LlmPromptTesting 2.1.0
dotnet add package LlmPromptTesting --version 2.1.0
NuGet\Install-Package LlmPromptTesting -Version 2.1.0
<PackageReference Include="LlmPromptTesting" Version="2.1.0" />
<PackageVersion Include="LlmPromptTesting" Version="2.1.0" />
<PackageReference Include="LlmPromptTesting" />
paket add LlmPromptTesting --version 2.1.0
#r "nuget: LlmPromptTesting, 2.1.0"
#:package LlmPromptTesting@2.1.0
#addin nuget:?package=LlmPromptTesting&version=2.1.0
#tool nuget:?package=LlmPromptTesting&version=2.1.0
LlmPromptTesting
Record and replay LLM responses in xUnit v3 tests. Captures live IChatClient responses as snapshots and replays them locally — no API key needed after the first run.
Why?
LLM-powered features are hard to test. Real API calls are slow, expensive, and non-deterministic. Mocking them throws away the very thing you want to verify: that your prompts actually produce useful output.

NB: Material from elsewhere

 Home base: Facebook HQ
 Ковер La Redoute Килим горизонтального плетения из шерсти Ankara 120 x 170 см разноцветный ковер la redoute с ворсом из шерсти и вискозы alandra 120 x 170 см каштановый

LlmPromptTesting solves this with snapshot testing for LLM responses:
- First run — calls the real API, saves the response to a
.llm-cache/directory as a JSON snapshot. - Subsequent runs — replays the cached response instantly, with no API key required.
- CI — replays from the committed cache by default, so PRs cost zero credits. Set
LLM_PROMPT_TESTING_FORCE_API=true(with an API key) to refresh snapshots against the real API.
This gives you deterministic, fast, offline-capable tests that still validate real LLM output. It also ships an LLM-as-a-judge assertion (LlmAssert.JudgeAsync) so you can assert that responses meet human-readable criteria without brittle string matching.
Installation
# Core package (works with any IChatClient)
dotnet add package LlmPromptTesting
# Anthropic convenience fixture
dotnet add package LlmPromptTesting.Anthropic
Quick start
1. Create a test fixture
The fixture provides an IChatClient that automatically records and replays responses.
Using Anthropic (Claude):
// The built-in AnthropicChatClientFixture reads ANTHROPIC_API_KEY
// from the environment and wires everything up for you.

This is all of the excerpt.